Home > Out of gas in Iraq
By Beth Potter
Baghdad, Iraq - Sweat streams down Qusay Yahiya’s well-tanned face as he complains about the hour it has taken to make it to the front of the line at the gas station to fill his blue Kia station wagon.
"This is caused by the Americans," Yahiya, 34, who makes about $4 per day as a taxi driver, said, waving his hand at the line of cars stretching down the street. "I waited for such a long time to fill up my tank when my country is rich in oil. Is this freedom?"
Lines more than a mile long continue to form at the mostly government-run gas pumps around Iraq, despite stepped up imports — an 10 million additional liters of gas per day that is costing the Iraqi government up to $150 million per month.
Now, an oil ministry official says he knows what is causing the lines. Halliburton subsidiary Kellogg Brown and Root buys gas illegally from the stations to fulfill its contract with the U.S. military, creating huge market shortages, the official said, declining to be named.
"KBR knows they are receiving stolen goods. They buy it from Iraqi truckers. It is stolen through the local gas stations," said the oil official. "We end up importing it twice and three times."
Megan Mason, a KBR spokeswoman in Baghdad, strongly denied the charge.
KBR buys a small amount of gas locally, she admitted. Kuwait companies supply virtually all of the U.S. military’s fuel needs in Iraq, however, and their trucks are sealed to prevent funny business, Mason said.
KBR is currently under investigation in the United States for allegedly over-charging the U.S. government $61 million for gas for consumers in Iraq last year, according to press reports.
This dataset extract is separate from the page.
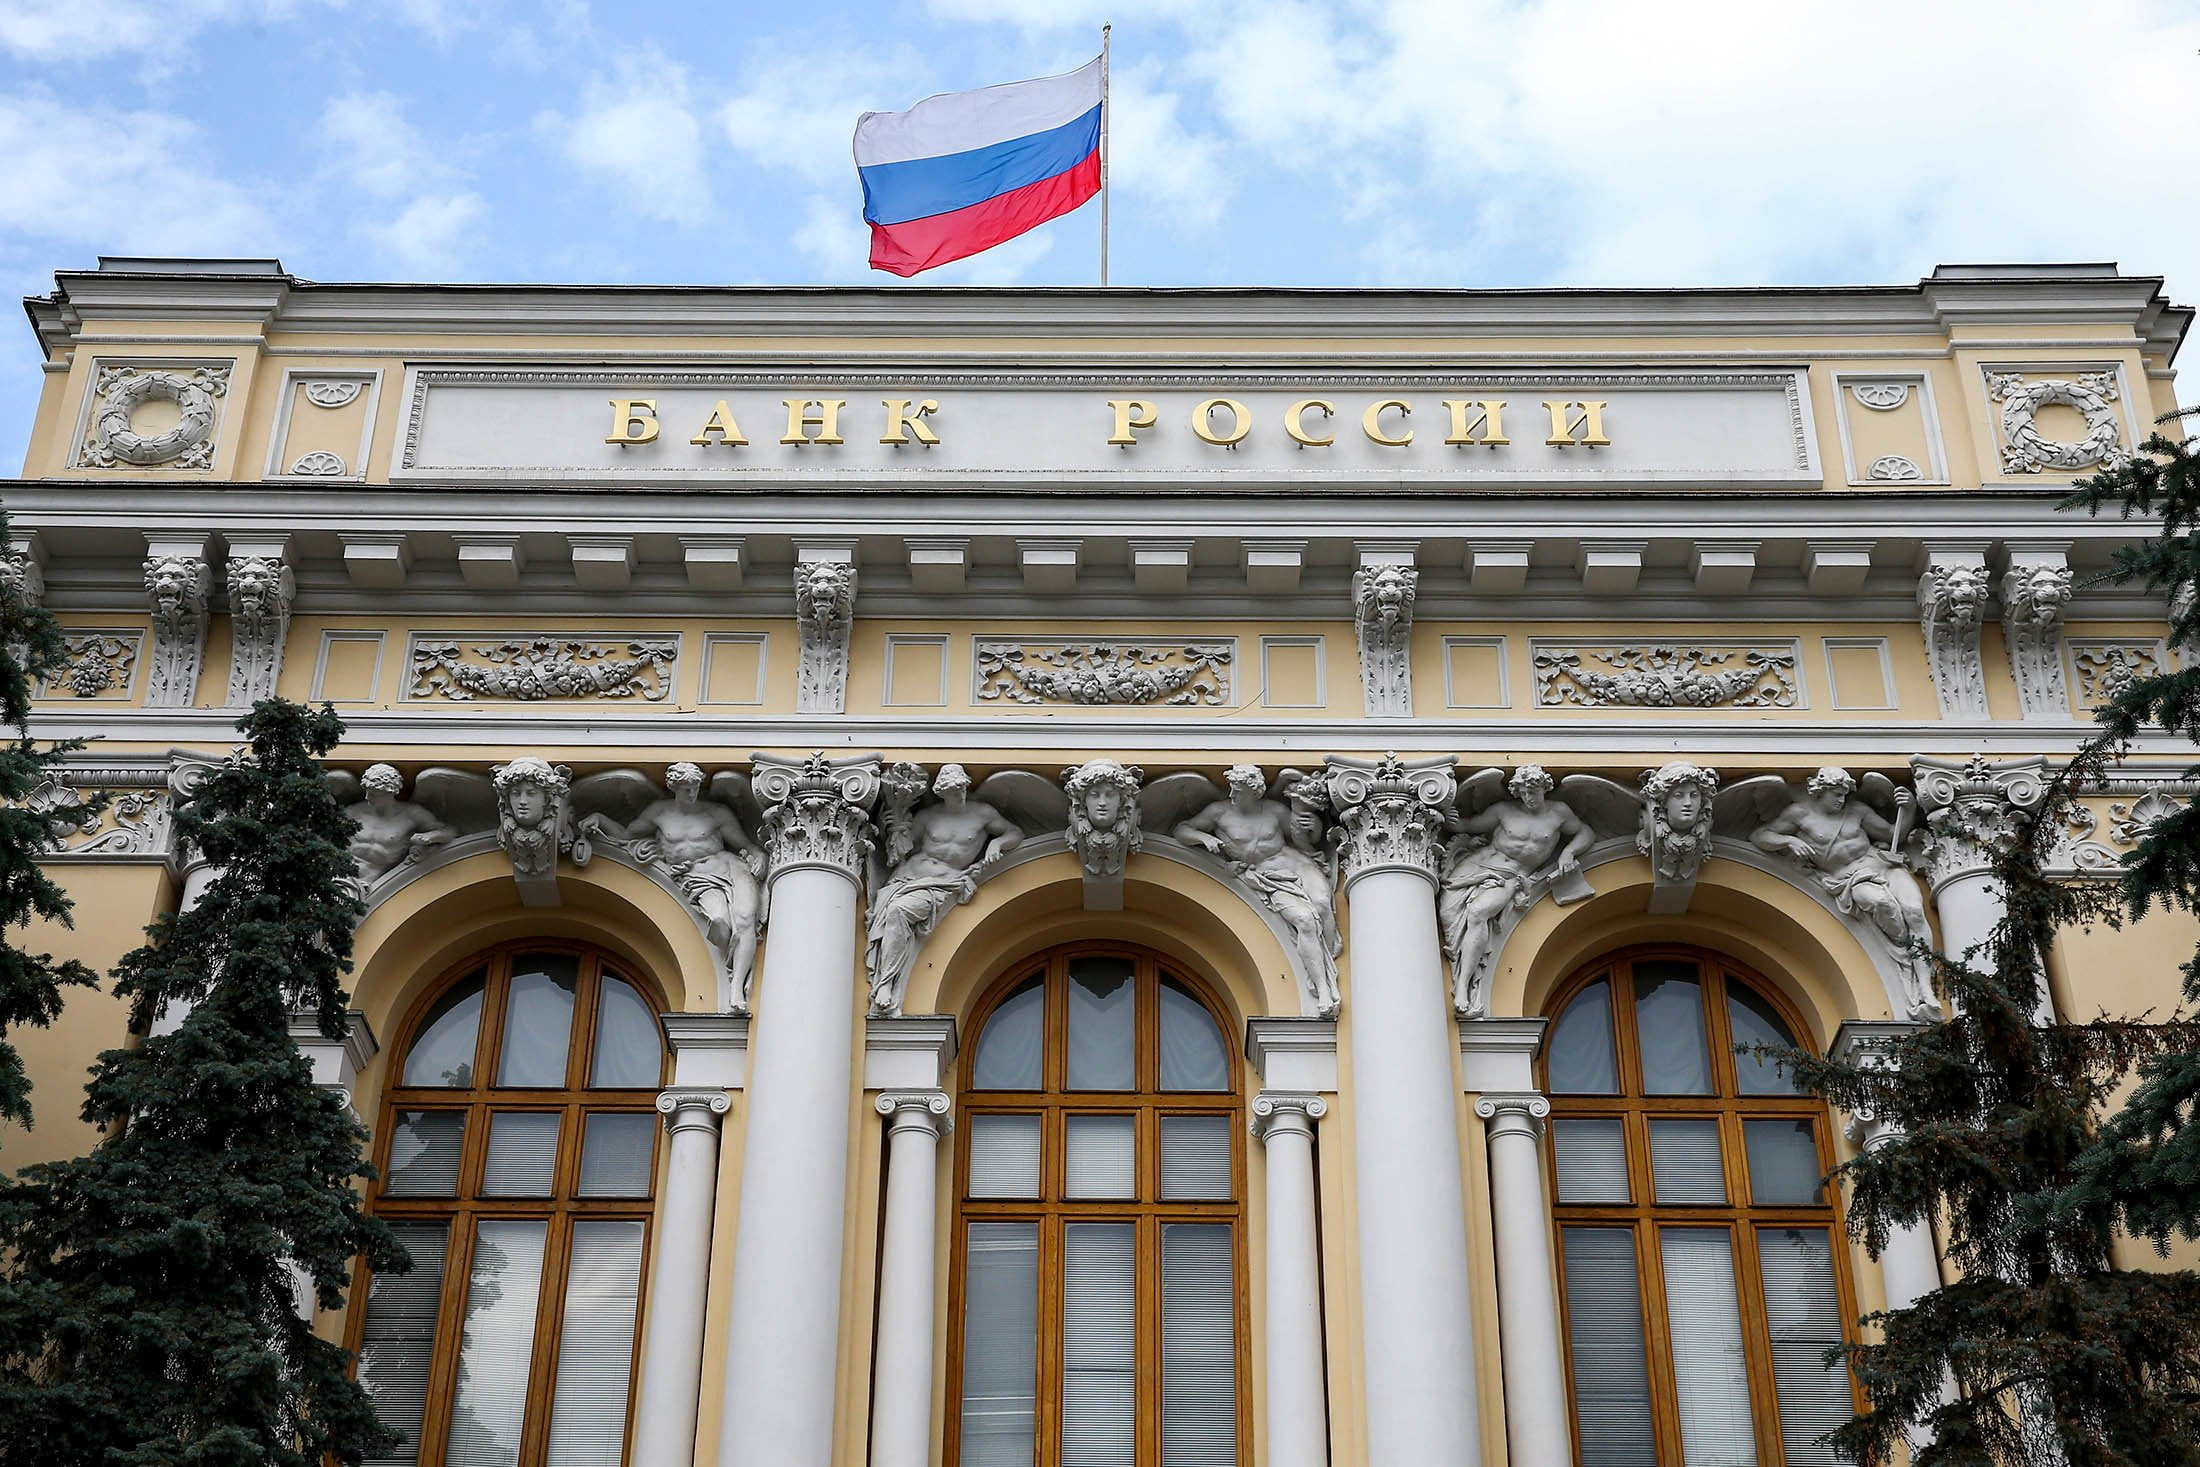 банк россия фото здания

"KBR does purchase a minimal amount of fuel off the local Iraqi economy for use at one of their sites," Mason said. "This fuel is used to run auxiliary lights and an auxiliary generator at the facility."
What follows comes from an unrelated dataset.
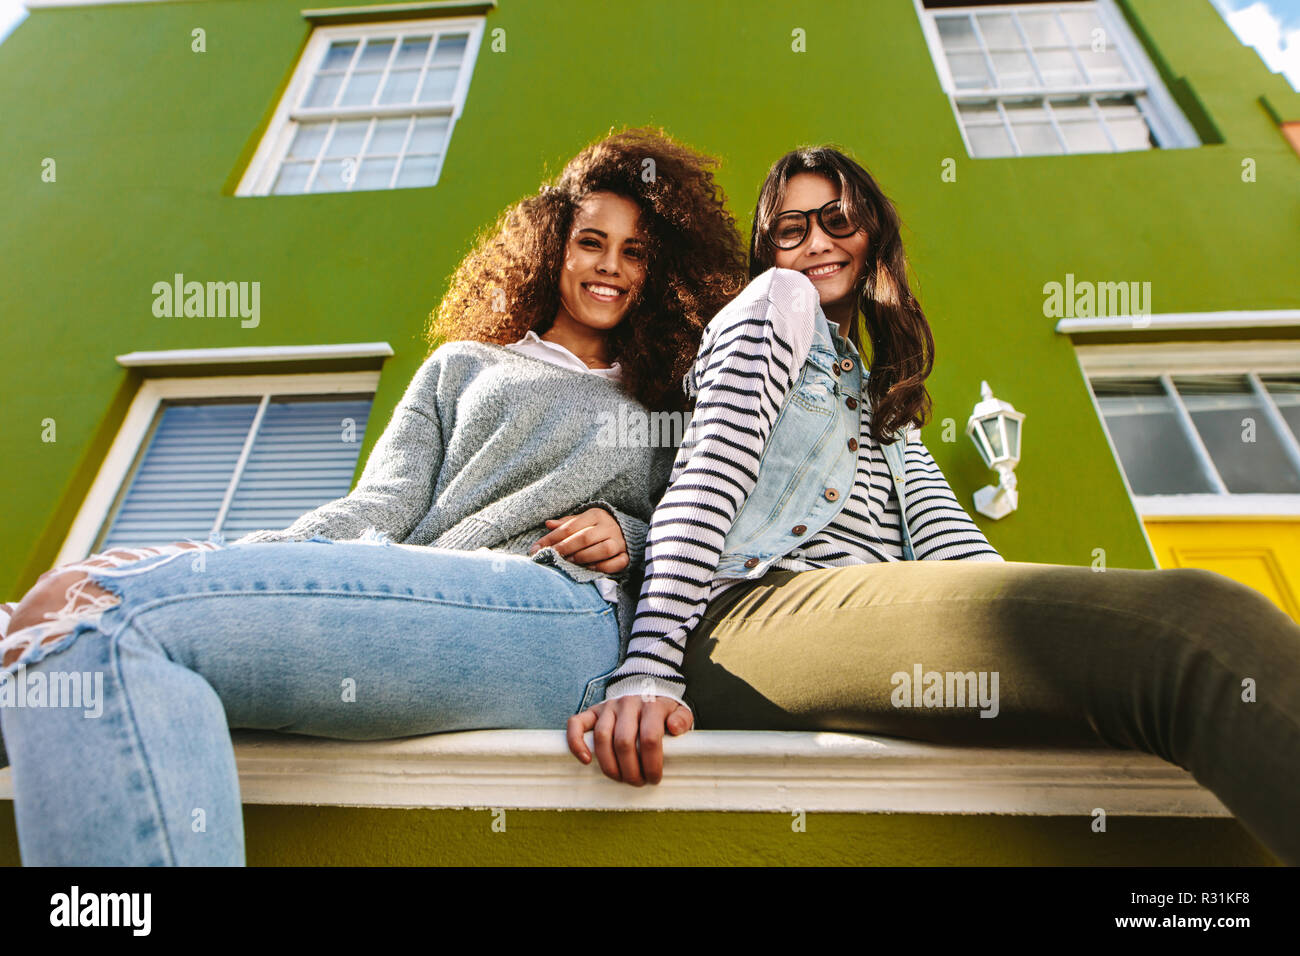 Low angle view of two women assis sur un banc à l'extérieur une maison verte. Les amis de l'extérieur. Banque D'Images

Lt. Col. Mark Snyder, a spokesman for the U.S. Army Corps of Engineers working on oil reconstruction projects in Iraq, explained how KBR might get more gas from the local market than it knows about.
"There are several layers of subcontractors, so it is possible, say, that a Turkish driver to a company that is a subcontractor to KBR would do this," Snyder said. "But there is no way there’s a conspiracy or a concerted effort on the part of KBR to make that happen."
Iraq’s "culture of bribes, theft and corruption" contributes to the likelihood that gas will continue to be smuggled or stolen from gas stations, Snyder said. Sealing the trucks protects KBR, he said.
"A seal would be to make sure there’s quality, so they don’t sell some of the gasoline or dilute it," Snyder said. "There’s a problem with some truck drivers siphoning off some of the gas. There are systems being put in place to make sure that can’t happen anymore."
The 10 million liters in additional daily imports used to be paid for through an $18.4 billion supplemental bill approved by the U.S. Congress in November to reconstruct Iraq, Snyder said. Development Fund for Iraq, or DFI, money now pays for the imports, an estimated $13 billion left
over from former oil-for-food program funds. During the more than 10 years Iraq was under international sanctions, the United Nations oil-for-food program brought food and humanitarian goods into the country.
Iraq was never able to refine even 50 percent of what consumers needed, Snyder said, even before a U.S.-led invasion in the spring of 2003 ousted former president Saddam Hussein. With an estimated 500,000 new cars in the country and oil trucks getting hijacked on the roads, even the rumor of a gas shortage can turn into a self-fulfilling prophecy, Snyder said.
Gas smuggling and theft will continue as long as it is subsidized at such a cheap rate — less than 10 cents per liter, Snyder said. Saddam set the price, which is less than it costs even to refine the crude oil into fuel, Snyder said. Iraq pays more than 40 cents per liter to import the fuel, losing millions of dollars monthly to the subsidy, minister of oil Thameer Ghadhban has said. (UPI)
http://www.washtimes.com/upi-breaking/20040806-062223-6930r.htm
Forum posts
7 August 2004, 11:31
The Iraqi gasoline is sold at 10 cents per liter. We have 3.7 liters per US gallon. This gives a price of $0.37 per gallon in Iraq. For average Iraqi worker who makes $100 a month, with American worker performing the same activities of the Iraqi worker earns at least $3,000.00 per month gross before tax. The price of gasoline in the US would be $3000/$100 x $0.37 = $11.10 . The current price of gas in California is around $2.00 per gallon. Of course Iraqis complain!